Re: [DISCUSS] Change default json read behavior for numbers

Posted by Jacques Nadeau <ja...@apache.org>.

Writing zero int to a float column should be allowed.  Basically, if we
found a float previously and then we run across a zero, that should be
accepted.  This doesn't fix the situation where the first value was zero
but definitely fixes many situations.  I'm up for a second option to treat
all numbers as doubles but I'm not in support of it for the default as once
we finish embedded types, this would be our desired behavior.

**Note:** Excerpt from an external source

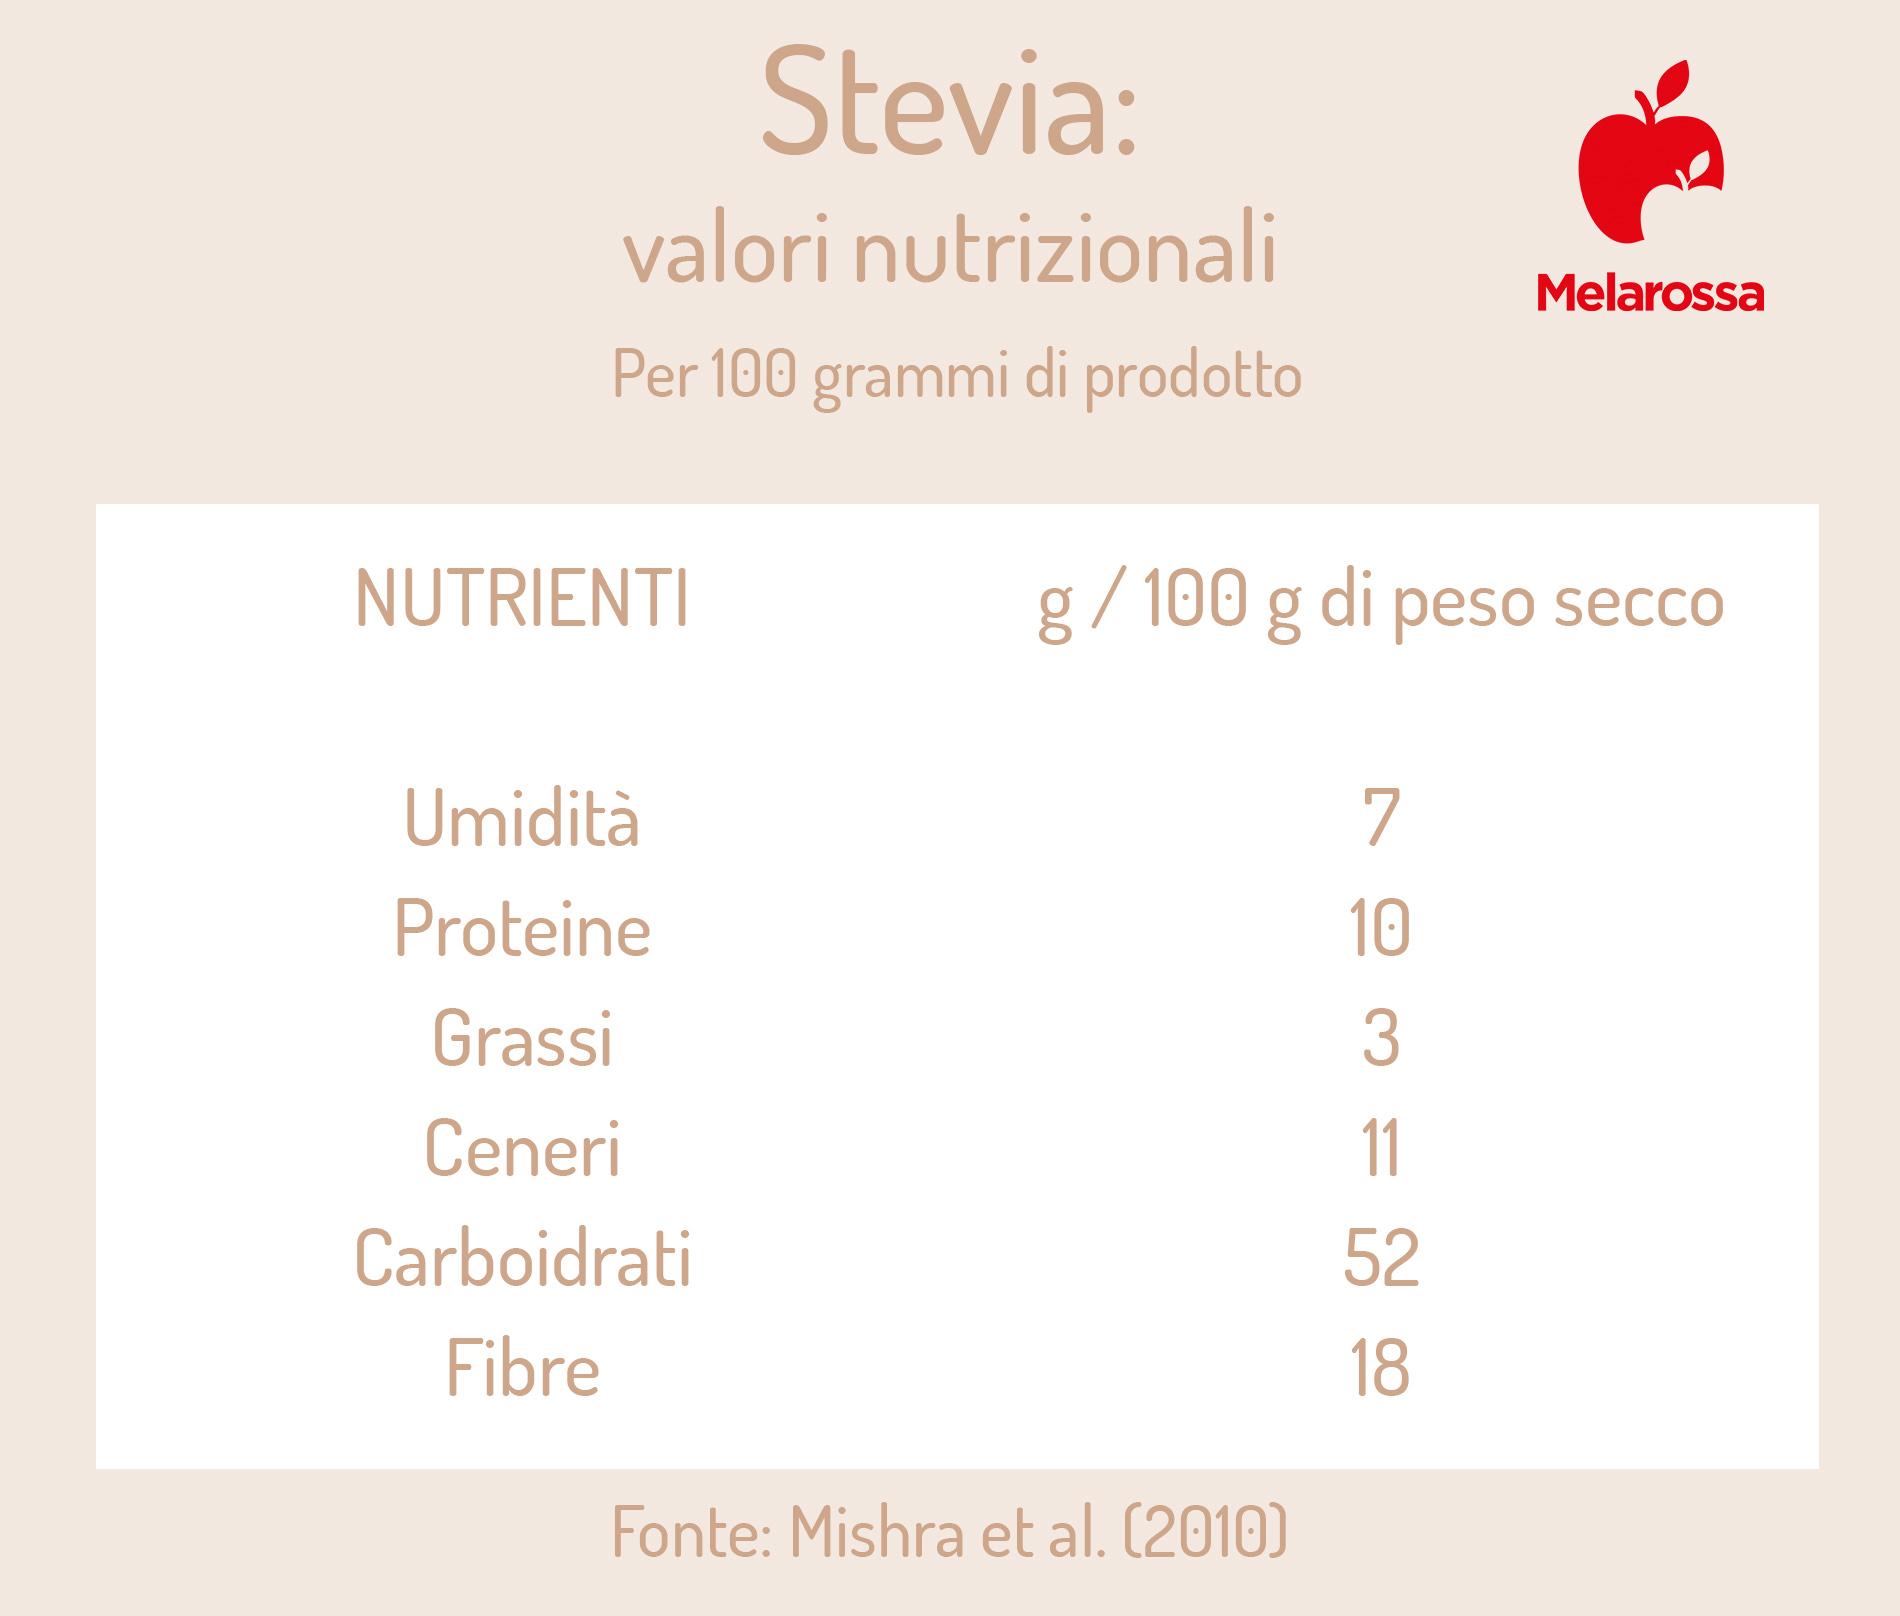 stevia: valori nutrizionali

On Mon, Jan 26, 2015 at 1:36 PM, Jason Altekruse <al...@gmail.com>
wrote:

> Hello Drillers,
>
> I am currently working on improving the error reporting in the JSON reader
> to help users with files that Drill cannot read using the default
> configuration today.
>
> As a part of this change I think it may be useful to change the default
> behavior for reading numbers in JSON documents. Currently we fail on a
> simple case with reading numbers with decimal points and then hit a value
> of 0 (or any number without a decimal point) in a later record. The reason
> for the current behavior is to allow better precision in the case of files
> with only integers. The issue however is that we currently fail on the
> basic case with a mix of intergers and decimal numbers. See [1] for more
> discussion on this.
>
> I propose that we switch the JSON reader to read all numbers as doubles by
> default. The reader already contains a workaround that allows lossless
> casting to integers and decimal types with some extra computational
> overhead using all_text_mode, see more info below. [2]
>
> Please share your thoughts on this change.
>
> [1] https://issues.apache.org/jira/browse/DRILL-1460
> [2] https://issues.apache.org/jira/browse/DRILL-2071
>
> -Jason
>